The release of TNF-α, IL-8, and IL-1β by THP-1 macrophages was determined by enzyme-linked immuno-sorbent assay (ELISA). The human Ready-Set-Go ELISA kits were obtained from eBiosciences and the assays were performed according the manufacturers’ instructions (Affymetrix eBioscience, Santa Clara, CA, USA).
Upon MV isolation and purification by ultrafiltration and SEC the MV-containing SEC fractions were further concentrated to 100 μl using Amicon ultra-4 10-kDa centrifugal filter units (Millipore, Billerica, MA, USA). Vitrified specimens were prepared by loading a grid into an FEI Mark IV Vitrobot (FEI Company, Eindhoven, The Netherlands), adding 5 μl of MV-suspension to the grid, and then immediately blotting the grid for 1 s before plunge-freezing in liquid ethane which was kept at its melting point by liquid nitrogen using a Vitrobot environmental chamber that was maintained at 95% humidity. For microscopy, grids were mounted in a Gatan cryoholder in liquid nitrogen and transferred to a Tecnai T12 Spirit microscope (FEI Company, Eindhoven, the Netherlands). Images were acquired with a 4096 × 4096 pixel CCD Eagle camera (FEI Company, Eindhoven, the Netherlands) at 120 kV with a temperature between -170 °C and -175 °C. Image analysis to determine the median MV-diameter was performed using ImageJ processing software (National institutes of Health, Bethesda, USA).

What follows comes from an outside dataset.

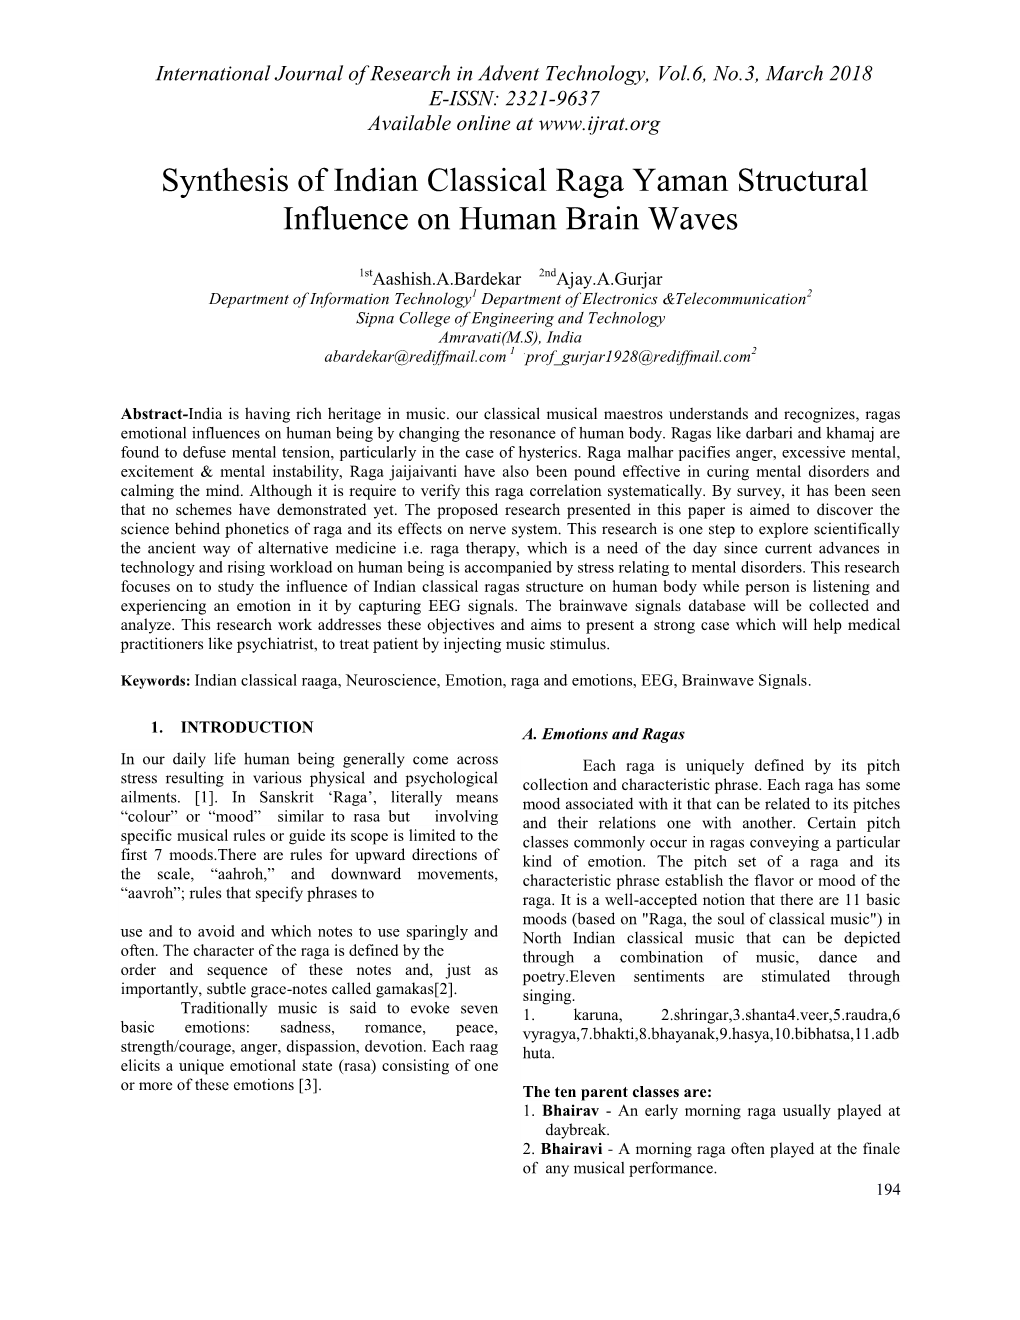 Synthesis of Indian Classical Raga Yaman Structural Influence on Human Brain Waves

Statistical analysis was performed using Graph-Pad Prism 5 Software (Graph-Pad, San Diego, CA, USA). Statistical dispersion was determined by calculation of the standard error of the mean. One-way analysis of variance (ANOVA) was performed in combination with the Bonferroni multiple comparison test to determine statistical significance of the variances between multiple groups. An unpaired t-test was performed for the statistical analysis of the variance between the means of 2 groups. P-values were considered significant when <0.05.